According to the FTC, any qualification made to avoid deceptive advertising “should be clear, prominent and understandable,” using “plain language and sufficiently large type” in “close proximity to the qualified claim.” Advertisers should also “avoid making inconsistent statements or using distracting elements that could undercut or contradict the disclosure.”
6. ‘Made in USA’ Claims: When Appropriate, Substantiation Required
With some products, such as automobiles, and textile, wool and fur products, a marketer must disclose U.S. content; with other products, an advertiser may choose to make a “Made in U.S.A.” claim. As with other claims, origin claims may be either express or implied:
- Express: “Made in U.S.A.”; "American-made"; "USA."
- Implied: Use of U.S. symbols or geographic references (such as U.S. flags, outlines of U.S. maps, or references to U.S. locations of headquarters or factories).
In any case, a product advertised as made in the United States must be "all or virtually all" made in the United States. According to the FTC, “‘[a]ll or virtually all’ means that all significant parts and processing that go into the product must be of U.S. origin. That is, the product should contain no — or negligible — foreign content.”
The FTC looks at a number of factors in determining whether a product is “all or virtually all” made in the United States. At minimum, the final assembly or processing of the product must take place in the United States. Other factors may include the amount of manufacturing costs allocated to the United States and whether any foreign content is integral to — or far removed from — the finished product.
In some cases, an advertiser may make a qualified “Made in U.S.A.” claim, such as “60% U.S. content,” “Made in USA of U.S. and imported parts,” or “Couch assembled in USA from Italian Leather and Mexican Frame.”
In any case, as with other advertising, a marketer must have a "reasonable basis," including competent and reliable evidence, to support the claim at the time of making the claim.
Lastly, all products of foreign origin imported into the United States must designate the name of the country of origin.
7. Guarantees and Warranties Must Meet Certain Requirements
The Magnuson-Moss Warranty/FTC Improvement Act includes provisions governing guarantees and warranties.
For example, materials providing warranties or guarantees, such as by use of the terms “Satisfaction Guarantee,” “Money-Back Guarantee,” or “Free Trial Offer,” should disclose, “with such clarity and prominence as will be noticed and understood by prospective purchasers,” any material limitations or conditions that apply to the “guaranteed” representation.
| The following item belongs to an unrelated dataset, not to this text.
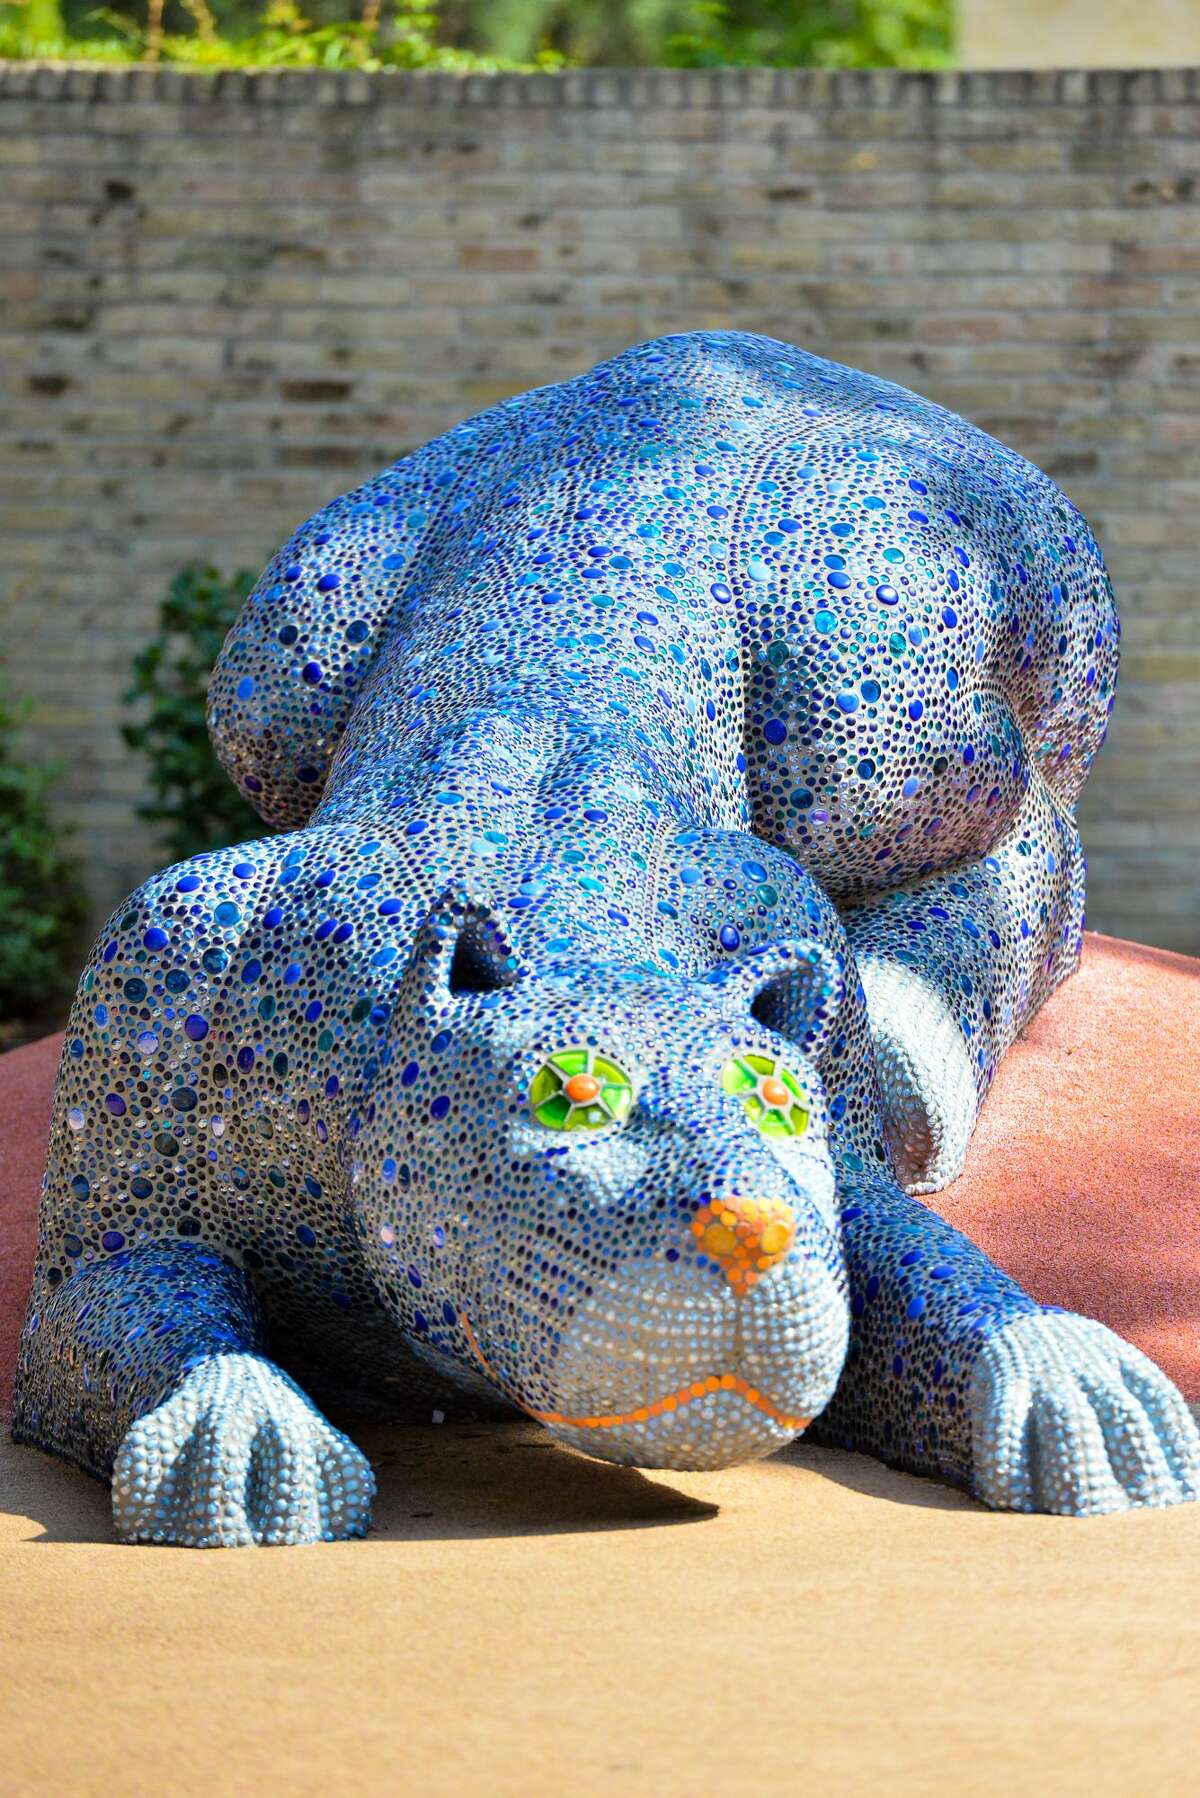 The blue panther that artist Oscar Alvarado created for Yanaguana Garden at Hemisfair is among his best-known works.

For example: “If not completely satisfied with the product, return the product within 30 days for a full refund.”
In addition, prior to sale of the product, at the place where the product is sold, prospective purchasers should be able to see the written warranty or guarantee for complete details of the warranty coverage.
Moreover, the term “guarantee” has a particular legal meaning, which generally requires the seller to refund the full purchase price of the advertised product at the purchaser’s request.
The above points are not exhaustive of all potential issues that could arise when preparing or reviewing advertising materials. A general rule of thumb, however, emerges: Would a reasonable consumer (or your closest competitor) find an ad objectively misleading or unfair? If so, strongly consider revising.